Removal of nitrate from aqueous solution using nanocrystalline cellulose
Parisa Azadbakht1, Hamidreza Pourzamani2, Seyed Rahman Jafari Petroudy3, Bijan Bina2
1 Department of Environmental Health Engineering, School of Health, Isfahan University of Medical Sciences, Isfahan; Student Research Committee, Isfahan University of Medical Sciences, Isfahan, Iran
2 Department of Environmental Health Engineering, School of Health, Isfahan University of Medical Sciences, Isfahan; Environment Research Center, Research Institute for Primordial Prevention of Non-communicable disease, Isfahan University of Medical Sciences, Isfahan, Iran
3 Department of Cellulose and Paper Technology, Faculty of Energy and New Technologies Engineering, Zirab Scientific and Research Campus, Shahid Beheshti University, Tehran, Iran
|Date of Web Publication||15-Sep-2016|
Prof. Bijan Bina
Department of Environment Health Engineering, School of Health, Isfahan University of Medical Sciences, Hezar Jerib Avenue, Isfahan
Source of Support: None, Conflict of Interest: None
Aims: In this study, the removal of nitrate was investigated using nanocrystalline cellulose (NCC) extracted from sugarcane bagasse.

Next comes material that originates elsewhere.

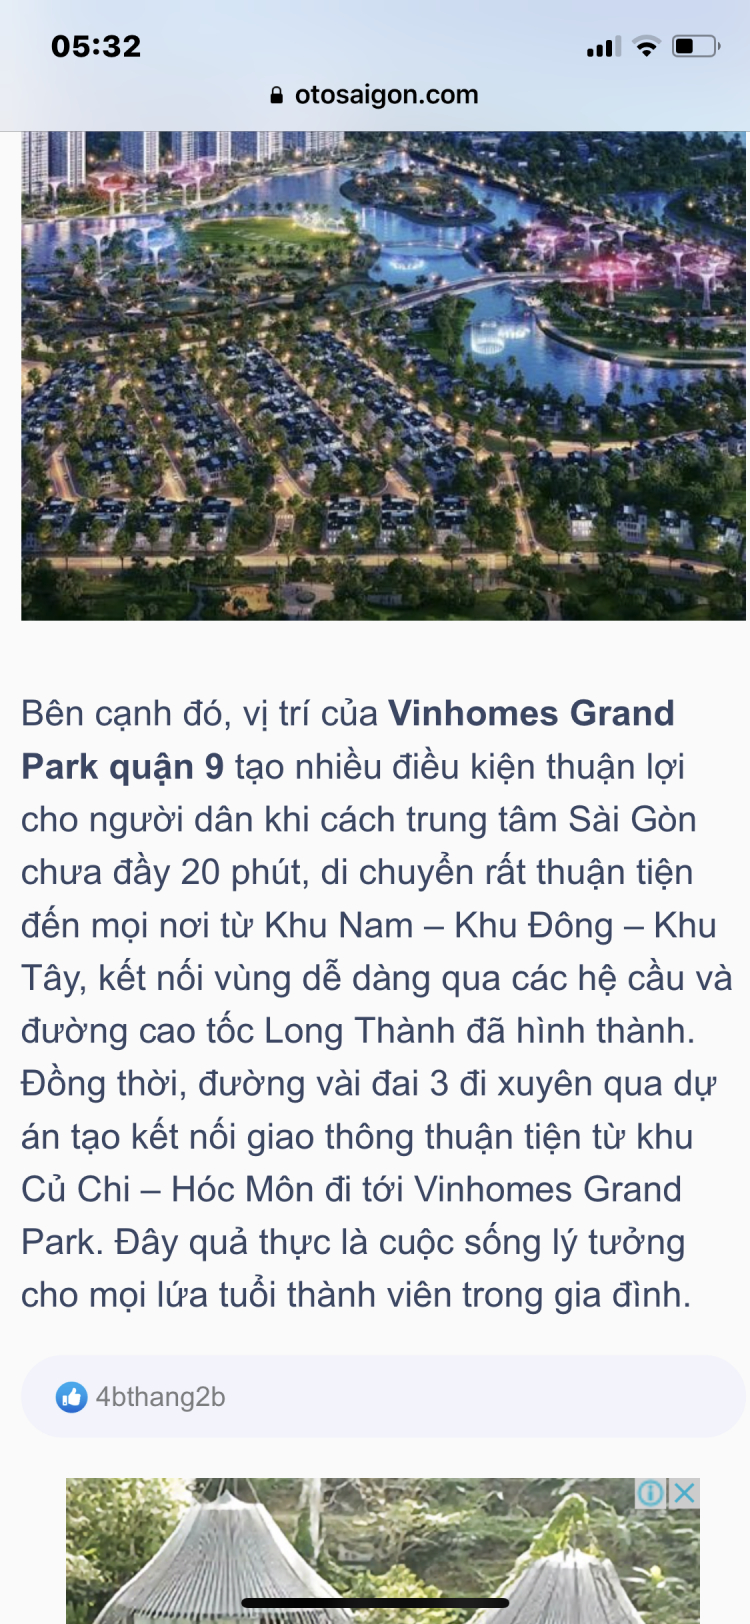 Những thông tin mới nhất về dự án Vinhomes Grand Park quận 9

Materials and Methods: NCC was extracted by acid hydrolysis of bagasse at 40°C for 45 min and then used as an absorbent for the removal of nitrate. The properties of absorbent were evaluated by atomic force microscopy and dynamic light scattering. The effect of various parameters including pH, initial concentration of nitrate, adsorbent dose, and exposure time was investigated on the removal of nitrate.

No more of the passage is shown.